Practicals go beyond laboratory work as students have to take the Students Work Experience Program (SWEP) and Students Industrial Work Experience Scheme (SIWES) I & 2.
These are skills developing programs designed to expose, prepare and give students the hands-on work experience they would need after graduation.
These programs form part of the grading system and they take months to complete. Also, at this level, a student must be expected to have a good grasp of Networking and Internet Technologies, Object-oriented programming, Data communication and networking, C++ programming and Mobile Application development.
e. Having completed University education and graduating, a computer engineering graduate does not become an engineer per se since he cannot attach the appellation “Engineer” to his name.
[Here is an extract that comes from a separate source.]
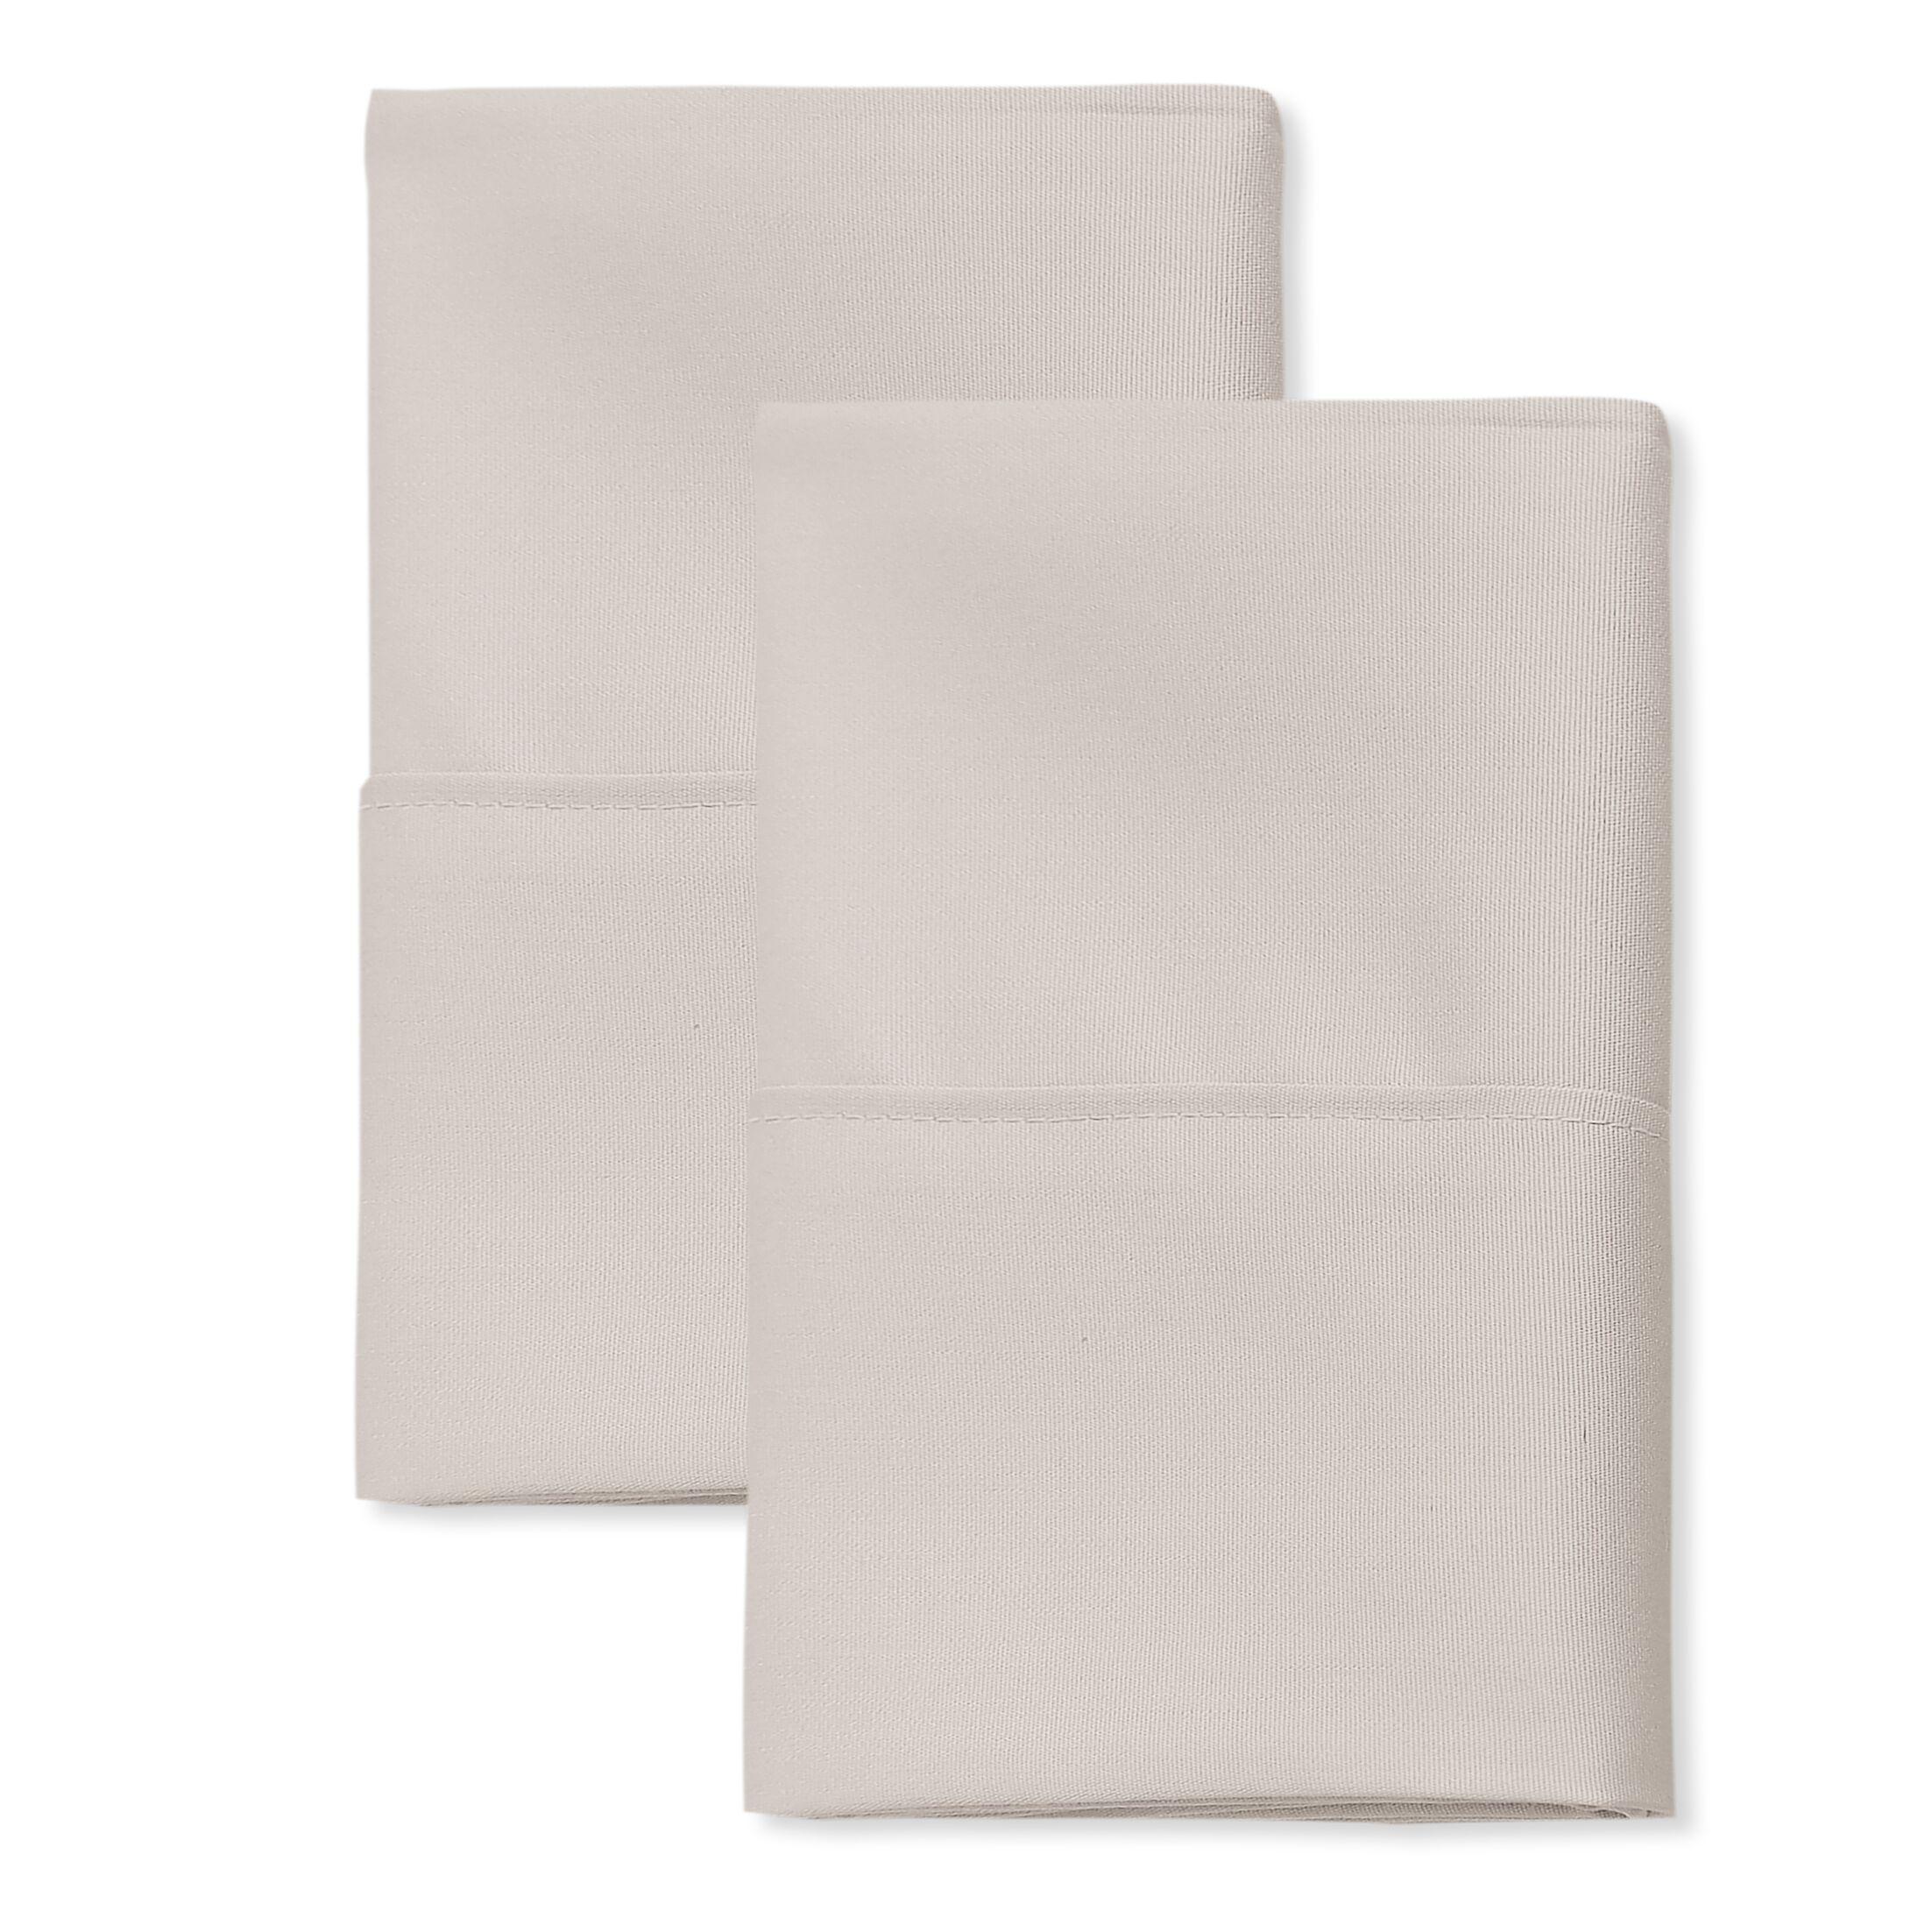 San'T Agnello Hotel Pillowcase Color: Ivory, Size: King

To become a registered engineer, he must be recognized by the Nigerian Society of Engineers (NSE) and the Council for the Regulation of Engineering in Nigeria (COREN) which are separate and different bodies.
Nonetheless, their activities are aimed at certifying persons tested and trusted through their procedures as worthy of practicing engineering in Nigeria.
f. While the Nigerian Society of Engineers is a voluntary association created by and run by practicing engineers, the Council for the Regulation of Engineering in Nigeria (COREN) is a statutory body set up by the Engineers (Registration) Act of 2004.
g. To become a corporate member of the NSE, an engineering graduate must have been practicing for at least four productive years which he must give a detailed technical report of. If the technical report is found to be satisfactory, he qualifies for the oral interview stage.
After a success at the interview stage, he qualifies for three NSE-organized workshops for professional improvement, continuing education and engineering etiquettes among other things.
Thereafter, a professional examination will be conducted which would include both essay writing and multi choice questions.
A final success at the examination qualifies one as a corporate member of the NSE and a genuine engineer. Benefits of membership include Award, grants and prizes to distinguished engineers; international image for members; regular workshops and conferences for members to update members about the trends in the profession; recognition by and liaison with COREN on issues relating to the engineering profession and so on.
h. Once a member of the NSE, a computer engineer becomes eligible to be registered by COREN. COREN is saddled with the responsibility of regulating and controlling the training and practice of engineering in Nigeria.
The body also ensures and enforces the registration of all engineering personnel and consulting firms wishing to practice within Nigeria.
i. Finally, a successful membership, registration and certification by Nigerian Society of Engineers and Council for the Regulation of Engineering in Nigeria makes one a computer engineer!